Stored records
=== Section Start ===

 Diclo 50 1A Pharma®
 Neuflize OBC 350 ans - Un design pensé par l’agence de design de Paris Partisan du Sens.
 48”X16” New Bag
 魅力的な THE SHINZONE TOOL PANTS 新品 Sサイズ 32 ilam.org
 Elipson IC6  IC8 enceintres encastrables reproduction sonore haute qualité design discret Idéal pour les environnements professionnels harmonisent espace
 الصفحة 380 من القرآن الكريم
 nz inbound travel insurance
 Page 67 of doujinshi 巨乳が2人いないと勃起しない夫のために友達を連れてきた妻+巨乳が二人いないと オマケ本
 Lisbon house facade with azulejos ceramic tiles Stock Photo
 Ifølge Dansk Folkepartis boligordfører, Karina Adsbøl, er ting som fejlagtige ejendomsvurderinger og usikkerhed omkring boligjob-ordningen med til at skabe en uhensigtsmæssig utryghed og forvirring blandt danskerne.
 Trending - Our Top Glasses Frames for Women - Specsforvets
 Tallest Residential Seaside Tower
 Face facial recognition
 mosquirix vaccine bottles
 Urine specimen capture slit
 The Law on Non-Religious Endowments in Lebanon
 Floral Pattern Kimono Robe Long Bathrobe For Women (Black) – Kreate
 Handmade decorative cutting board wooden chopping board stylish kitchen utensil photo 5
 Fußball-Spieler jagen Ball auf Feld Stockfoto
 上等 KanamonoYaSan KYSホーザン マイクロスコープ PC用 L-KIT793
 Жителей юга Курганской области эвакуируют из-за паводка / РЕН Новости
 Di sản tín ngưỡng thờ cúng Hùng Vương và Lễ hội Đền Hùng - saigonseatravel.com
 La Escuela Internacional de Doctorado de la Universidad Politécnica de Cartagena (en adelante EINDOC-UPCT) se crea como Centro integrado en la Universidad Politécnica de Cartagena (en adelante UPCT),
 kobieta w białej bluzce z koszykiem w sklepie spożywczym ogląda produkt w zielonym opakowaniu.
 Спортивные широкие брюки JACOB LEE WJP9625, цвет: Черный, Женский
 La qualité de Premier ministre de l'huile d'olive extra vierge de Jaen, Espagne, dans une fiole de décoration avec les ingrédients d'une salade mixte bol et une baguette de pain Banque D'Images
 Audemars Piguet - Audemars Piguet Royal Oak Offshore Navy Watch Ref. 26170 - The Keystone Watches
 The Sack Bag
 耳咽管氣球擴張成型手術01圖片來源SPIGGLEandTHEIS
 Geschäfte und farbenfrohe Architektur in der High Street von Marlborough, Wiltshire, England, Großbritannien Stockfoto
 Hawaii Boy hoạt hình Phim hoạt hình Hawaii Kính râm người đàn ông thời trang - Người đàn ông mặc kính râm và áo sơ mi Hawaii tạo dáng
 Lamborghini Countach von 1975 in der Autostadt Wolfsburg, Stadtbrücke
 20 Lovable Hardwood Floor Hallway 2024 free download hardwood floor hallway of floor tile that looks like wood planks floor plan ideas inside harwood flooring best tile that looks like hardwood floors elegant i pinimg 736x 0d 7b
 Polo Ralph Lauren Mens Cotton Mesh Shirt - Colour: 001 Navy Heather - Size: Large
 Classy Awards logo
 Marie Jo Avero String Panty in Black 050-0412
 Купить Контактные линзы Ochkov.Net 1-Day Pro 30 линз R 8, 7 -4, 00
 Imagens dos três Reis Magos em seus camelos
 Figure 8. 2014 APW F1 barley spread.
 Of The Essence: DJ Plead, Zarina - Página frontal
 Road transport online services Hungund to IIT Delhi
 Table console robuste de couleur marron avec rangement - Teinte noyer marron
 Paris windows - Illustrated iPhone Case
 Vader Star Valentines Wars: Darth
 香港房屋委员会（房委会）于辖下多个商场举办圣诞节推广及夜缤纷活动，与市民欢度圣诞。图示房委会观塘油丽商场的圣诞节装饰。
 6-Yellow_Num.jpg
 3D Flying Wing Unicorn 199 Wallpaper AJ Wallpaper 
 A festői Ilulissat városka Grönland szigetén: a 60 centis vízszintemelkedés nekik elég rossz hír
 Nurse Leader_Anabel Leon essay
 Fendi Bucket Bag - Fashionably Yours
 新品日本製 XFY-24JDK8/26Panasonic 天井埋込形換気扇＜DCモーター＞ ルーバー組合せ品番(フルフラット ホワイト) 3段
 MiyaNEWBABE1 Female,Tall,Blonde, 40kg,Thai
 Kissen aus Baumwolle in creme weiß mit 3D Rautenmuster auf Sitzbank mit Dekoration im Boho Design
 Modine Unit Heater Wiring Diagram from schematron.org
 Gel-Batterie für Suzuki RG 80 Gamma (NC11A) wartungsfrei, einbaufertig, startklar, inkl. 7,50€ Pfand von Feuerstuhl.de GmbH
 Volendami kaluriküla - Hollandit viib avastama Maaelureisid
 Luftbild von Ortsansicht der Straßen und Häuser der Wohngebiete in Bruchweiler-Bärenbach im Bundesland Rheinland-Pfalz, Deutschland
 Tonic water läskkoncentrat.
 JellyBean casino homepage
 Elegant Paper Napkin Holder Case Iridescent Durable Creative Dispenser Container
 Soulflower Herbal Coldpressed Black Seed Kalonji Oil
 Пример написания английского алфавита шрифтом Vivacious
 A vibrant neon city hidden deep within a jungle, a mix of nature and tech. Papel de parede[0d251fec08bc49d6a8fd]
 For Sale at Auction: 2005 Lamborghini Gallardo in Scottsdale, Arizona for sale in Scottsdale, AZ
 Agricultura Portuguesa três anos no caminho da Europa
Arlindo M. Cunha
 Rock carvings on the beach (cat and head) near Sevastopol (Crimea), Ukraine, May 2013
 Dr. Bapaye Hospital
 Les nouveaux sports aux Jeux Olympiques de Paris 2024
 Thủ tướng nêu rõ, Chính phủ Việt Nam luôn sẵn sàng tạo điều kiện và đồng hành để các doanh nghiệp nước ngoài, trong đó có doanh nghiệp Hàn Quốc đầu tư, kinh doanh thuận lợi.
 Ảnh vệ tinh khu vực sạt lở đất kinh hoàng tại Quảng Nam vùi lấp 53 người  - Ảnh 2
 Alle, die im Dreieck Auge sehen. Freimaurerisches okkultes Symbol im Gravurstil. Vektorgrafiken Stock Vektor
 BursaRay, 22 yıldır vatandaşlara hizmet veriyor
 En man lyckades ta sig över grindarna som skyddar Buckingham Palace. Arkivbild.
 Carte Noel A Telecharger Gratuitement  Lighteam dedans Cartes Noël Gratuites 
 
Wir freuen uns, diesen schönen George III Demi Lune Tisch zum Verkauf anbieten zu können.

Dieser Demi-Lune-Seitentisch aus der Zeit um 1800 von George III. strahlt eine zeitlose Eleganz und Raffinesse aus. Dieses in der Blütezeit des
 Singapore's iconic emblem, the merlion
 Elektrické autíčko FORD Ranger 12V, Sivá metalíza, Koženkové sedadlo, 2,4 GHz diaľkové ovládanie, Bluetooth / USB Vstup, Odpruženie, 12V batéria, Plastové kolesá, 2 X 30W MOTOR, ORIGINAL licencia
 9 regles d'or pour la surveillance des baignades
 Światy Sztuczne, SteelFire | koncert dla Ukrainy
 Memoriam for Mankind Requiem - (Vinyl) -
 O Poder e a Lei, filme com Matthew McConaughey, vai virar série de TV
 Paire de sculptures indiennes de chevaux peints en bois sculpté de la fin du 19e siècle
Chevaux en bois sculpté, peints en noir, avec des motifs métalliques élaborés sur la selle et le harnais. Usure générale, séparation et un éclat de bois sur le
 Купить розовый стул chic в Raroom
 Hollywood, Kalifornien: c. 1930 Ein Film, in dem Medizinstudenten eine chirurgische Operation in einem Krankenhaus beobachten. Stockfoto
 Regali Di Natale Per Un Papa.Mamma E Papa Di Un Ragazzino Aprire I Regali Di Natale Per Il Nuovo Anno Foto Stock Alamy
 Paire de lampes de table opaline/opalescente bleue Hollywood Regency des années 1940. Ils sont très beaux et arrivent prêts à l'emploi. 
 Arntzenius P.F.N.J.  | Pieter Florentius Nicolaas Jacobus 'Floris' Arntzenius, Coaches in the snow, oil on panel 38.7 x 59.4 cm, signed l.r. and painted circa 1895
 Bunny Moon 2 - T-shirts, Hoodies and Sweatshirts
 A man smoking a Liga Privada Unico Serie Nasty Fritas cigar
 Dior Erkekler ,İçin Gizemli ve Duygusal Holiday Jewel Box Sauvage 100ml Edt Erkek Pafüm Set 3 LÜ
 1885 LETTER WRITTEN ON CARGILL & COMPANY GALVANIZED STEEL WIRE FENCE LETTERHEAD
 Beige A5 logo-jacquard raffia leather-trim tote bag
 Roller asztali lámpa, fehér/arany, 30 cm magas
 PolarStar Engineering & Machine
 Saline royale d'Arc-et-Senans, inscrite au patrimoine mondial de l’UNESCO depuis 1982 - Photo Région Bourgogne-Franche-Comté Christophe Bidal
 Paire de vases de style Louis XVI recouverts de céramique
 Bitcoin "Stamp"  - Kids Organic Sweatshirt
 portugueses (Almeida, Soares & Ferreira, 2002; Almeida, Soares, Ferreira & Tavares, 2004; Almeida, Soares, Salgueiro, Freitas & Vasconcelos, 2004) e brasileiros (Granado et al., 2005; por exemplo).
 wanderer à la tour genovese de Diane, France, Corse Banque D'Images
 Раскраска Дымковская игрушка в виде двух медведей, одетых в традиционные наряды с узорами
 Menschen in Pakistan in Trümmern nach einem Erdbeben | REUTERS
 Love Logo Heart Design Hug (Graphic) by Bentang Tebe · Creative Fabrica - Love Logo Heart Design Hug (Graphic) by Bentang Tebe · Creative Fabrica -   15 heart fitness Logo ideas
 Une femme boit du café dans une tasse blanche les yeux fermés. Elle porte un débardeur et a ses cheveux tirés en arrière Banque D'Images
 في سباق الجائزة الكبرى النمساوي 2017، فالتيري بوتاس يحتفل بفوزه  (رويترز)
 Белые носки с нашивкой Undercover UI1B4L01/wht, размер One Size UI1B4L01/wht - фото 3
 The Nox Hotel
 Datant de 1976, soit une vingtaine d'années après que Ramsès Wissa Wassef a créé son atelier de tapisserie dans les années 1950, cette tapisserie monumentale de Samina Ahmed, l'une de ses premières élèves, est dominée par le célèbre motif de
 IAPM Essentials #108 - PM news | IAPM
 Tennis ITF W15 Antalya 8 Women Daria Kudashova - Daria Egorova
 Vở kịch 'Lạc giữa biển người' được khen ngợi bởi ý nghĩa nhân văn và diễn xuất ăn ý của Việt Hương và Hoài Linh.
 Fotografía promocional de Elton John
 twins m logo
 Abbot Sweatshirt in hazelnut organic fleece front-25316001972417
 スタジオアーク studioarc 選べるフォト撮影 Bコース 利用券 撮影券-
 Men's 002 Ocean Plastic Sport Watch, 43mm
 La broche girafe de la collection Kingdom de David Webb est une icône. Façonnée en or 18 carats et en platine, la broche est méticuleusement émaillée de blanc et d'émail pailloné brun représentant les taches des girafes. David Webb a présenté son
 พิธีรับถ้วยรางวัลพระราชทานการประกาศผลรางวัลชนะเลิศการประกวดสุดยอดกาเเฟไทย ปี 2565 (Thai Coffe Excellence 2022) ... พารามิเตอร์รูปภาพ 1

=== Section End ===

#### Your goal
Could you copy every line in the records that holds "Paire"?

#### Exercise output
 Paire de sculptures indiennes de chevaux peints en bois sculpté de la fin du 19e siècle
 Paire de lampes de table opaline/opalescente bleue Hollywood Regency des années 1940. Ils sont très beaux et arrivent prêts à l'emploi. 
 Paire de vases de style Louis XVI recouverts de céramique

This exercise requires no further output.